De novo phosphatidylcholine (PC) biosynthesis via the Kennedy pathway involves highly endergonic biochemical reactions that must be fine-tuned with energy homeostasis. Previous studies have shown that CTP:phosphocholine cytidylyltransferase (CCT) is an important regulatory enzyme in this pathway and that its activity can be controlled at both transcriptional and posttranslational levels. Here we identified an important additional mechanism regulating plant CCT1 activity. Comparative analysis revealed that Arabidopsis CCT1 (AtCCT1) contains catalytic and membrane-binding domains that are homologous to those of rat CCT1. In contrast, the C-terminal phosphorylation domain important for stringent regulation of rat CCT1 was apparently missing in AtCCT1. Instead, we found that AtCCT1 contains a putative consensus site (Ser-187) for modification by sucrose nonfermenting 1-related protein kinase 1 (SnRK1 or KIN10/SnRK1.1), involved in energy homeostasis. Phos-tag SDS-PAGE coupled with MS analysis disclosed that SnRK1 indeed phosphorylates AtCCT1 at Ser-187, and we found that AtCCT1 phosphorylation substantially reduces its activity by as much as 70%. An S187A variant exhibited decreased activity, indicating the importance of Ser-187 in catalysis, and this variant was less susceptible to SnRK1-mediated inhibition. Protein truncation and liposome binding studies indicated that SnRK1-mediated AtCCT1 phosphorylation directly affects the catalytic domain rather than interfering with phosphatidate-mediated AtCCT1 activation. Overexpression of the AtCCT1 catalytic domain in Nicotiana benthamiana leaves increased PC content, and SnRK1 co-expression reduced this effect.
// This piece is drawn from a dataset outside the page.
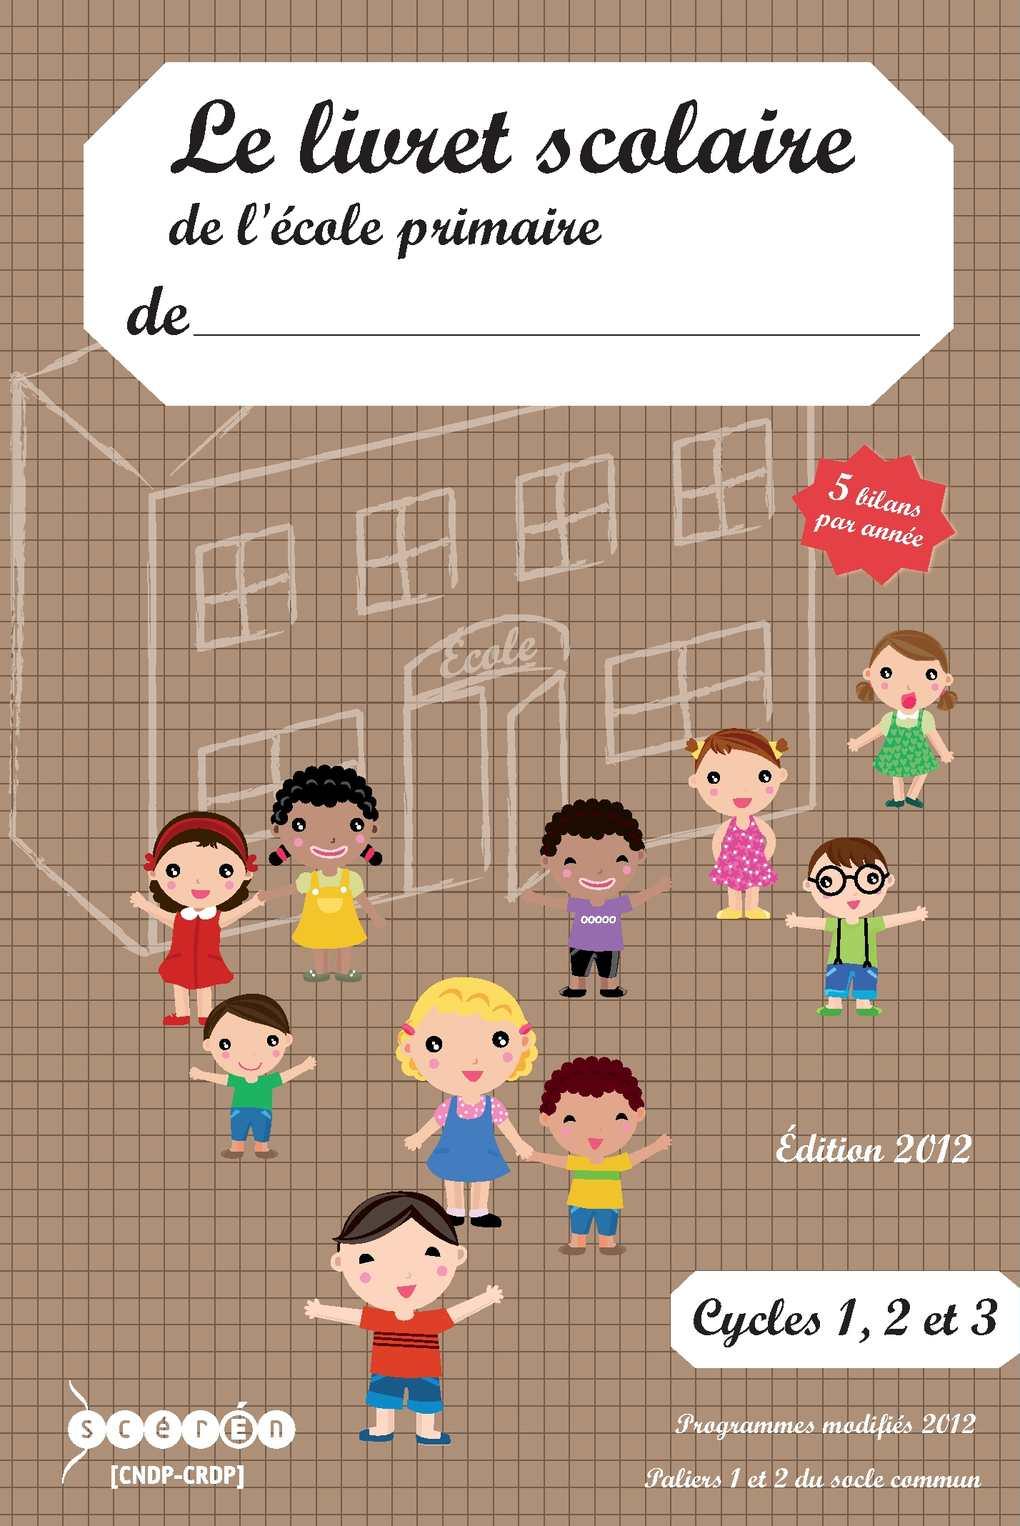 Le livret scolaire de l'école primaire Cycles 2 et 3. 5 bilans par année édition 2012 - CRDP du Centre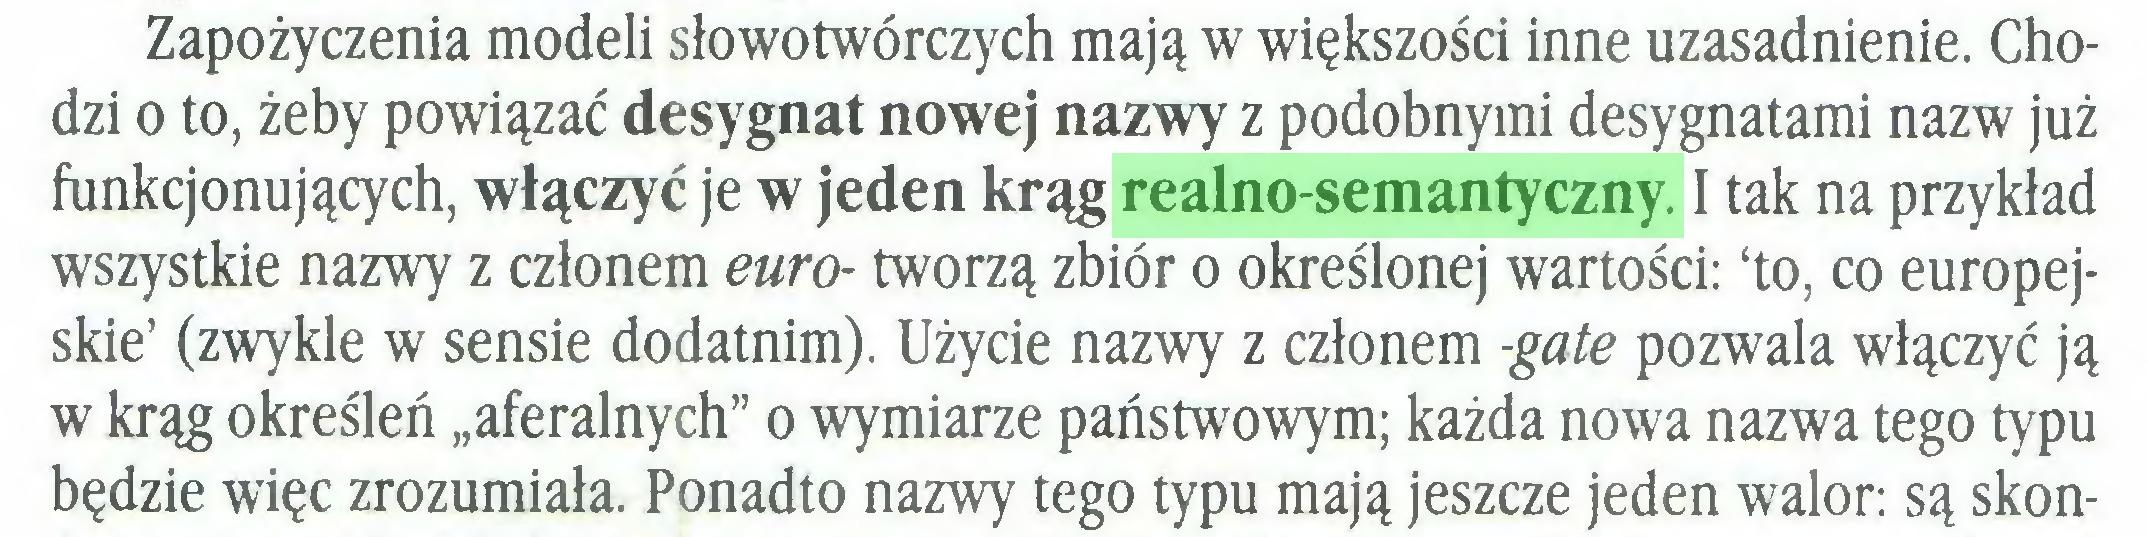 """(...) Zapożyczenia modeli słowotwórczych mają w większości inne uzasadnienie. Chodzi o to, żeby powiązać desygnat nowej nazwy z podobnymi desygnatami nazw już funkcjonujących, włączyć je w jeden krąg realno-semantyczny. I tak na przykład wszystkie nazwy z członem euro- tworzą zbiór o określonej wartości: 'to, co europejskie' (zwykle w sensie dodatnim). Użycie nazwy z członem -gate pozwala włączyć ją w krąg określeń """"aferalnych"""" o wymiarze państwowym; każda nowa nazwa tego typu będzie więc zrozumiała. Ponadto nazwy tego typu mają jeszcze jeden walor: są skon..."""

Taken together, our results suggest that SnRK1 mediates the phosphorylation and concomitant inhibition of AtCCT1, revealing an additional mode of regulation for this key enzyme in plant PC biosynthesis.

Highlights

  • De novo phosphatidylcholine (PC) biosynthesis via the Kennedy pathway involves highly endergonic biochemical reactions that must be fine-tuned with energy homeostasis

  • To probe whether Arabidopsis CCT1 has the same property, the cDNAs encoding AtCCT1, AtCCT1 catalytic domain (AtCCT11–197, hereafter referred to as AtCCT1-CD), and AtCCT11–221 were recombinantly expressed in Escherichia coli and partially purified through Ni-NTA (Fig. S2)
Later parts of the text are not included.